An AOV can be performed on a data.frame with either the lm()
function or the aov()
function (either, since an AOV is an usual regression fitting). It works regardless of equal sample sizes (actually, it would be pretty useless if it was restricted to that). Here is an example on how to calculate an AOV in R
with your data:
Europeans <- c(16, 22, 11, 14, 19, 16, 23, 22, 13, 23, 21, 18, 15, 16, 13, 13)
Americans <- c(20, 16, 16, 18, 21, 7, 21, 19, 9, 19, 19, 12, 15, 16, 20, 30, 15, 23, 17)
Australasians <- c(22, 18, 18, 18, 19, 17, 19, 17, 12, 13, 19, 21, 14, 14, 16, 17, 15, 18, 14, 15, 20, 16, 16, 17)
Data <- data.frame(
Continent = as.factor(c(rep('Europeans',length(Europeans)), rep('Americans',length(Americans)), rep('Australasians',length(Australasians)))),
value = c(Europeans,Americans,Australasians)
)
model_lm <- lm(value ~ Continent, data = Data)

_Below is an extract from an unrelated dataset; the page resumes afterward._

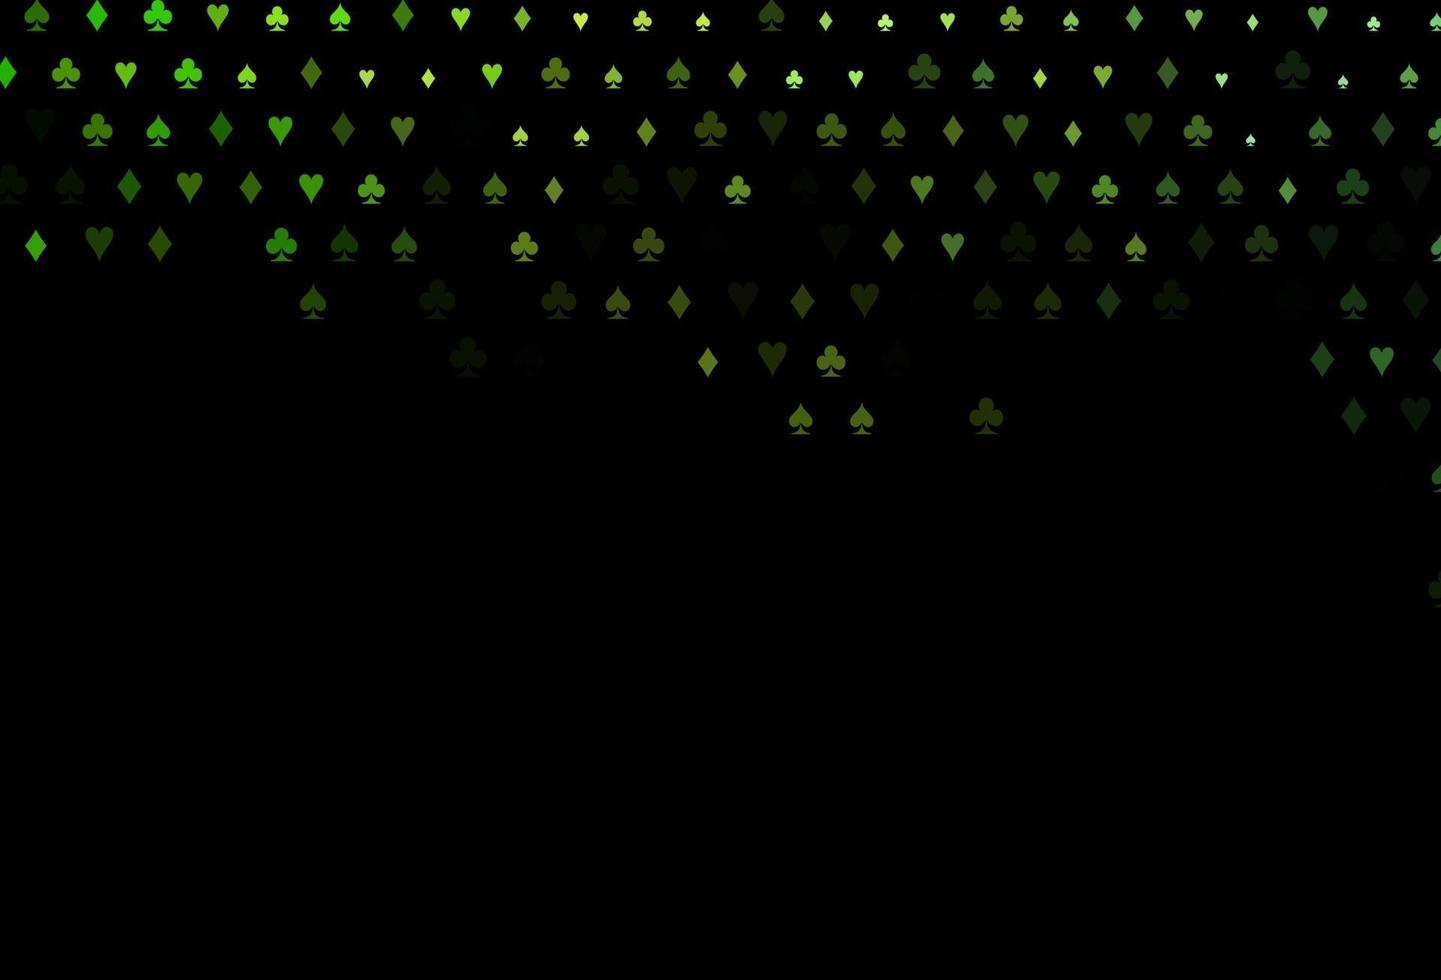 layout de vetor verde escuro com elementos de cartas.

model_aov <- aov(value ~ Continent, data = Data)
summary(model_lm)
#>
#> Call:
#> lm(formula = value ~ Continent, data = Data)
#>
#> Residuals:
#> Min 1Q Median 3Q Max
#> -10.526 -2.357 0.125 2.125 12.474
#>
#> Coefficients:
#> Estimate Std. Error t value Pr(>|t|)
#> (Intercept) 17.5263 0.8937 19.611 <2e-16 ***
#> ContinentAustralasians -0.6513 1.1962 -0.544 0.588
#> ContinentEuropeans -0.3388 1.3218 -0.256 0.799
#> ---
#> Signif. codes: 0 '***' 0.001 '**' 0.01 '*' 0.05 '.' 0.1 ' ' 1
#>
#> Residual standard error: 3.896 on 56 degrees of freedom
#> Multiple R-squared: 0.005274, Adjusted R-squared: -0.03025
#> F-statistic: 0.1485 on 2 and 56 DF, p-value: 0.8624
summary.aov(model_lm)
#> Df Sum Sq Mean Sq F value Pr(>F)
#> Continent 2 4.5 2.253 0.148 0.862
#> Residuals 56 849.8 15.175
summary(model_aov)
#> Df Sum Sq Mean Sq F value Pr(>F)
#> Continent 2 4.5 2.253 0.148 0.862
#> Residuals 56 849.8 15.175
Created on 2022-11-08 by the reprex package (v2.0.1)

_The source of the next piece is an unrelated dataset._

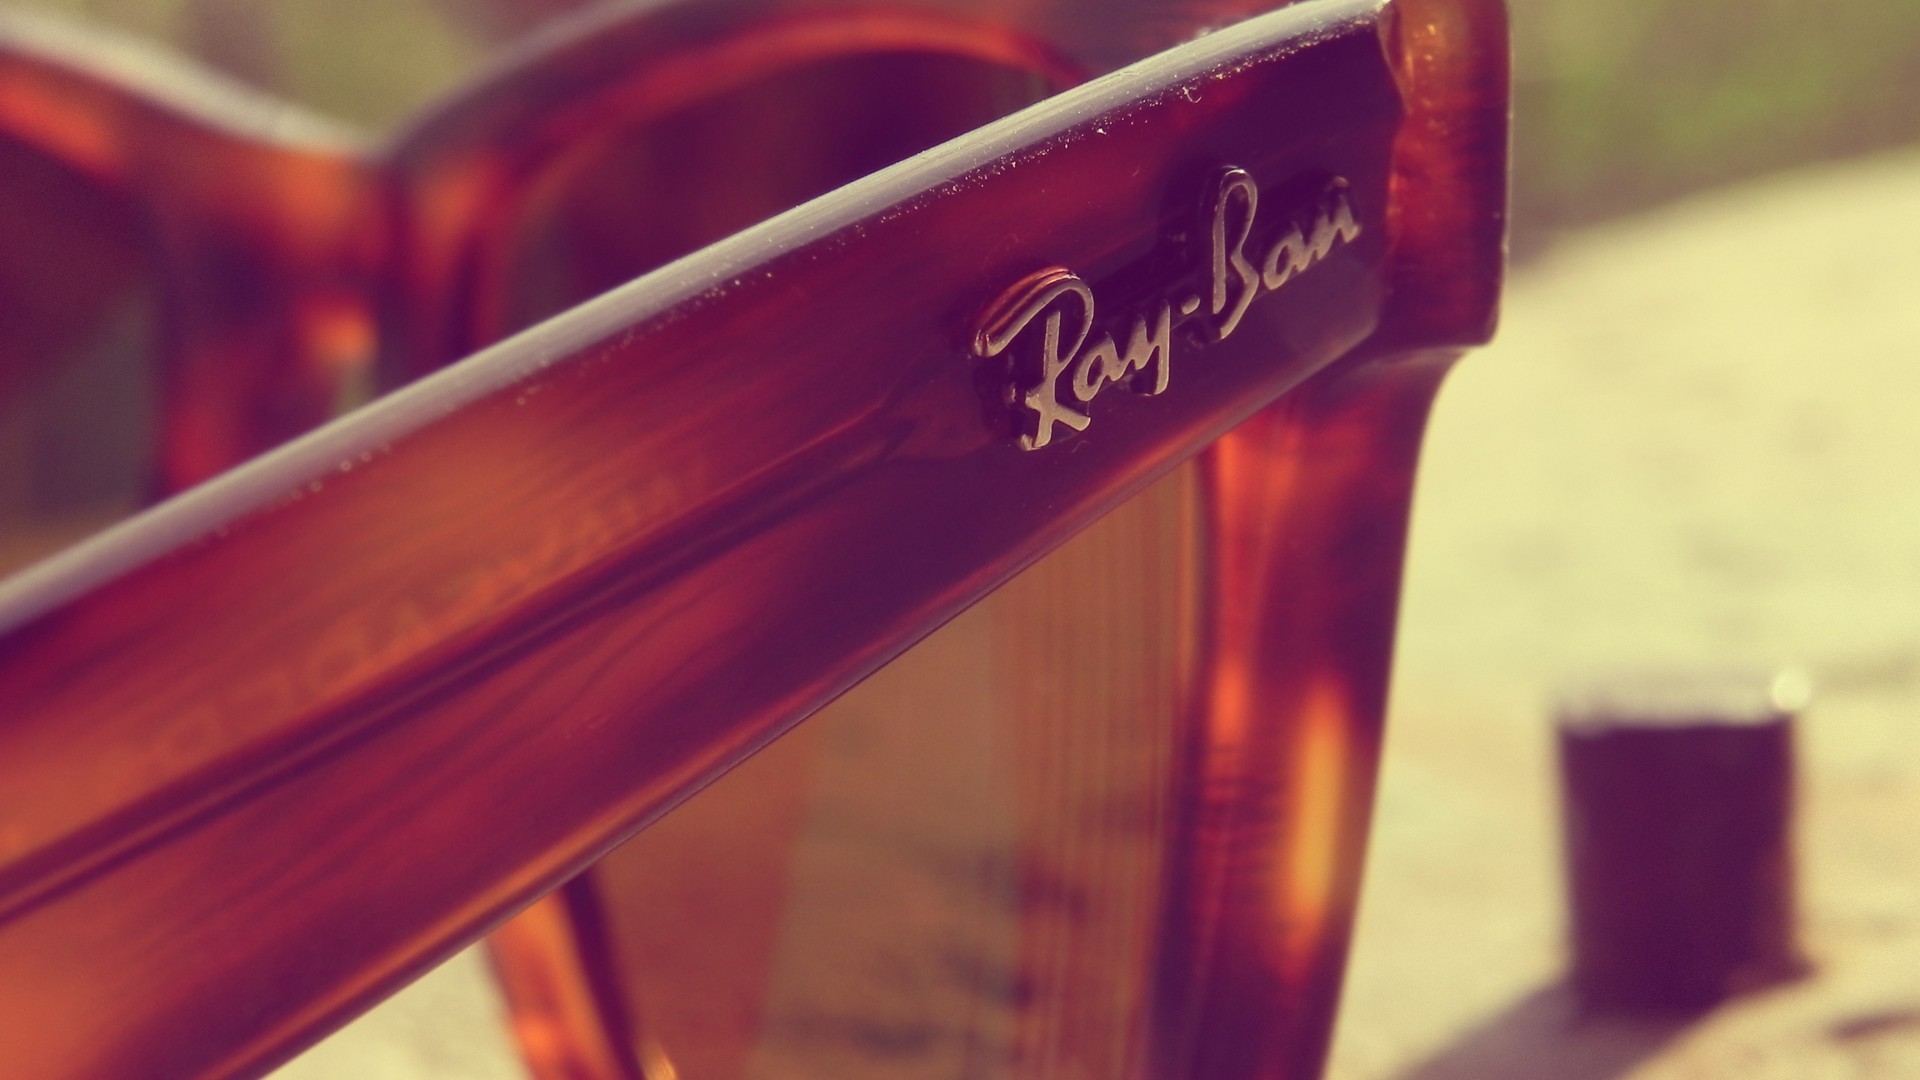 Glasses Ray Ban Sunglasses 1920x1080

As you can see, in your sample there is no statistically significant difference in means between all the groups (F-statistic 0.148 with p-value 0.8624). Looking at the coefficients you can see that the intercept (the baseline for the AOV) is statistically significant, but the slope of European and Australasians is not (which also indicates to some extend the missing statistical significance of the AOV).
In conclusion, you cannot say that there is a statistically significant difference in means between your defined groups with the given sample data.
Kind regards
Edit: As a side note, do not try to do several t-tests as a standard procedure. You will increase your likelihood of finding any statistically significant result if you just have enough groups to test on. Use AOV (=omnibus test, e.g. you know there is/is not anything to find, but not where exactly) to see if there is anything to see at all and if it is significant, you should specify your hypothesis and test for those specific cases, instead of testing for everything and adjusting your hypothesis on the way out to your results.